To find the solution to the system Ax=b using the LU factorization:

We need to first decompose the matrix A into its lower and upper triangular matrices L and U respectively, such that A = LU.

Using the given LU factorization of A, we can write:

L = [1 0 0] [1 0 0] [-1 3 1]

U = [2 3 4] [0 -4 3] [0 0 -1]

Next, we need to solve the system LY=b. We can substitute L and Y with their corresponding matrices and variables respectively:

[1 0 0] [1 0 0] [-1 3 1] [y1 y2 y3] = [4 17 43]

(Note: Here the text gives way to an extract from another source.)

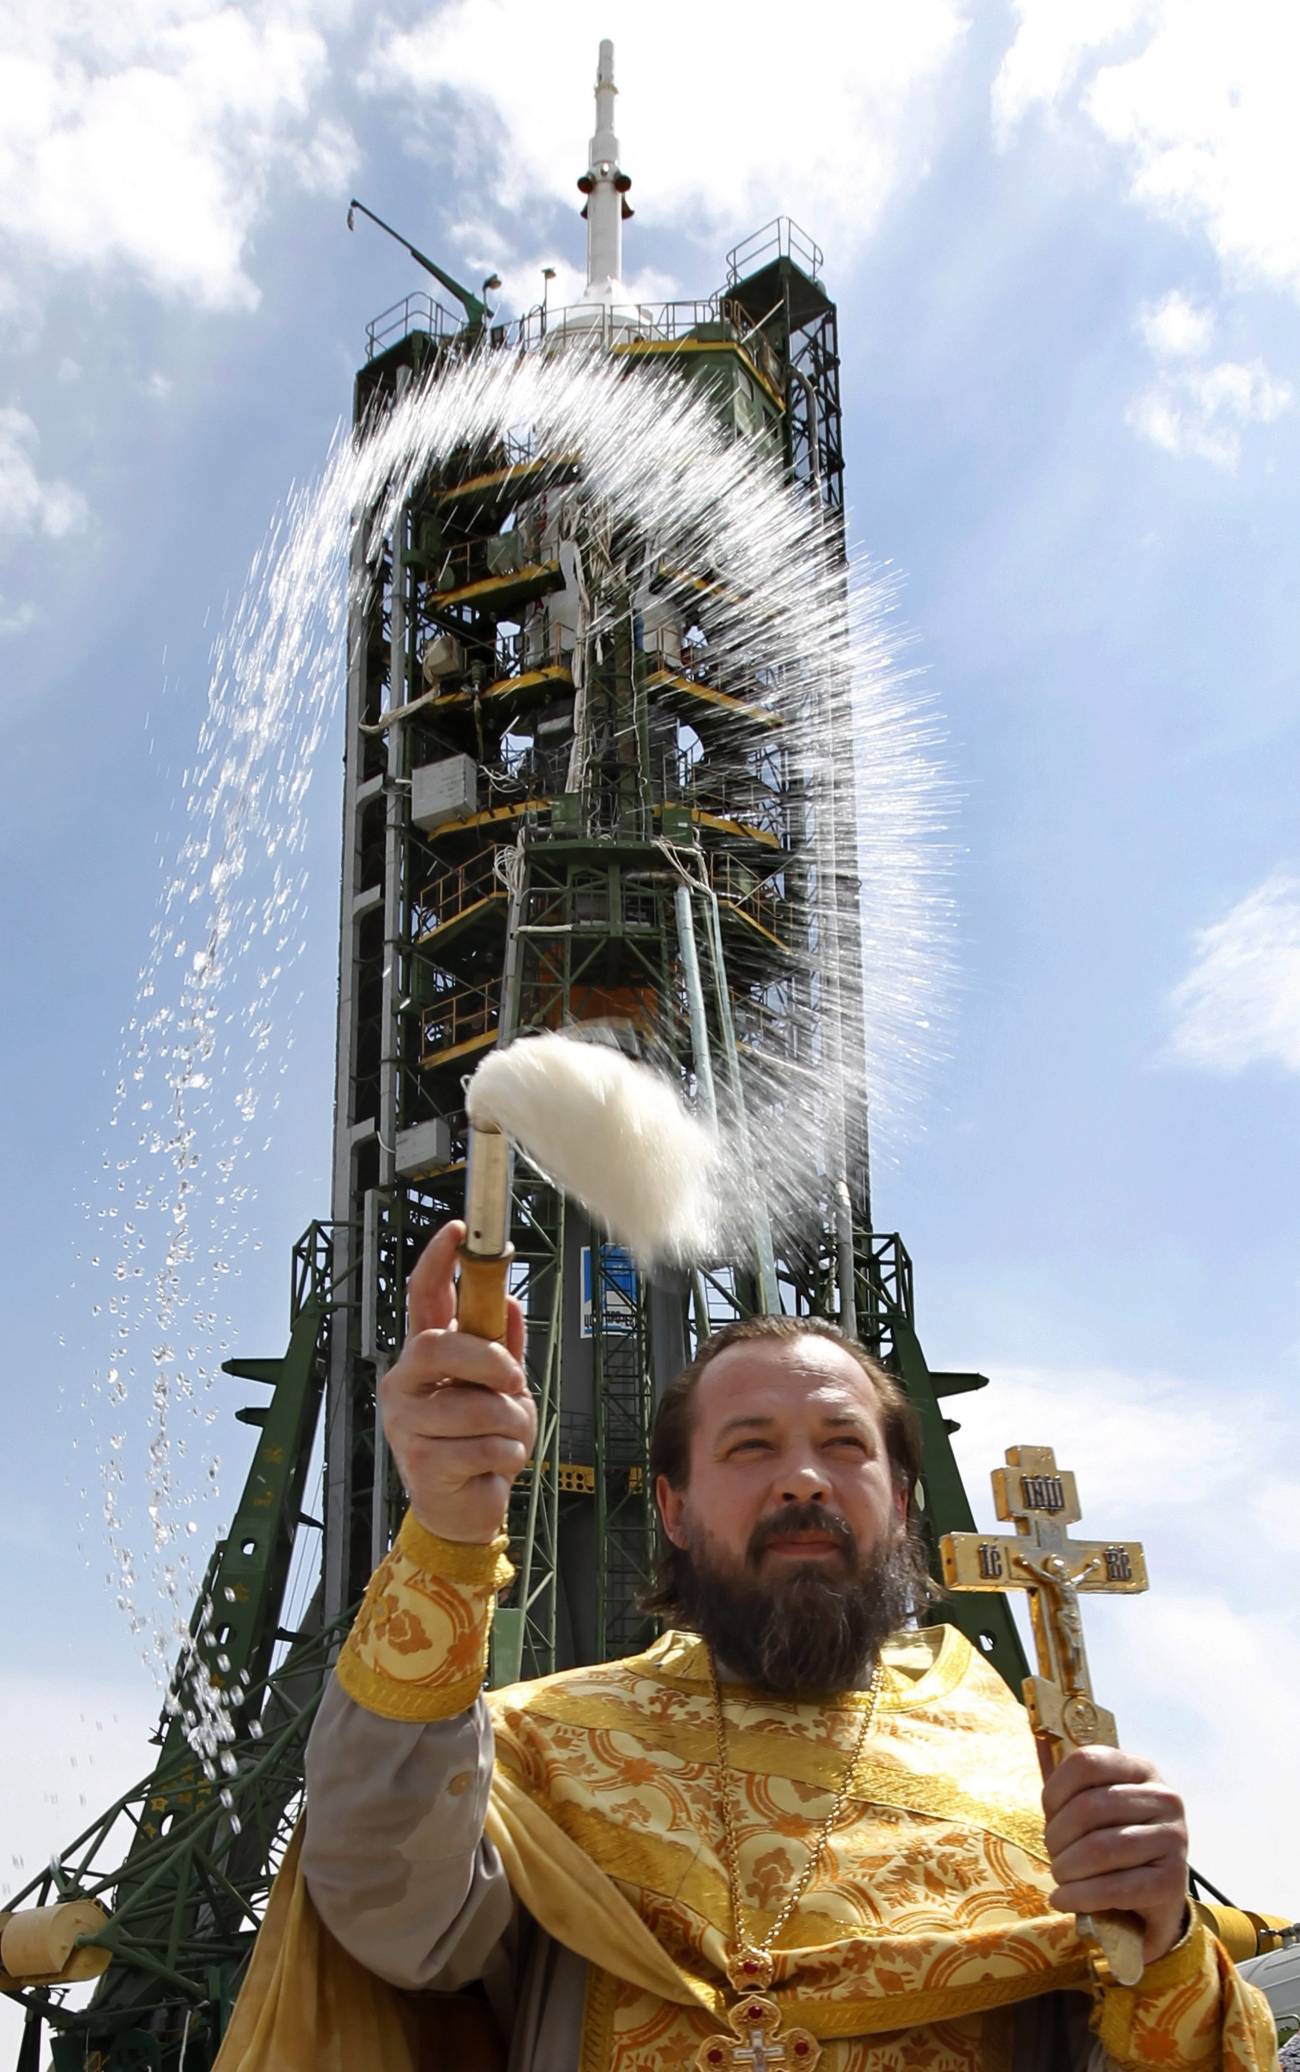 Un sacerdote ortodoxo bendice el Soyuz TMA-04M en la plataforma de lanzamiento en el cosmódromo de Baikonur en Kazajistán hoy, lunes 14 de 2010. El lanzamiento del Soyuz TMA-04M se realizará mañana, martes, 15 de abril de 2012.

Simplifying this system, we get:

y1 = 4

y2 = 17

-y1 + 3y2 + y3 = 43

Solving for y3, we get:

y3 = 30

Now that we have the values for Y, we can solve the system Ux=Y to get the solution to Ax=b.

We can substitute U and X with their corresponding matrices and variables respectively:

[2 3 4] [0 -4 3] [0 0 -1] [x1 x2 x3] = [y1 y2 y3]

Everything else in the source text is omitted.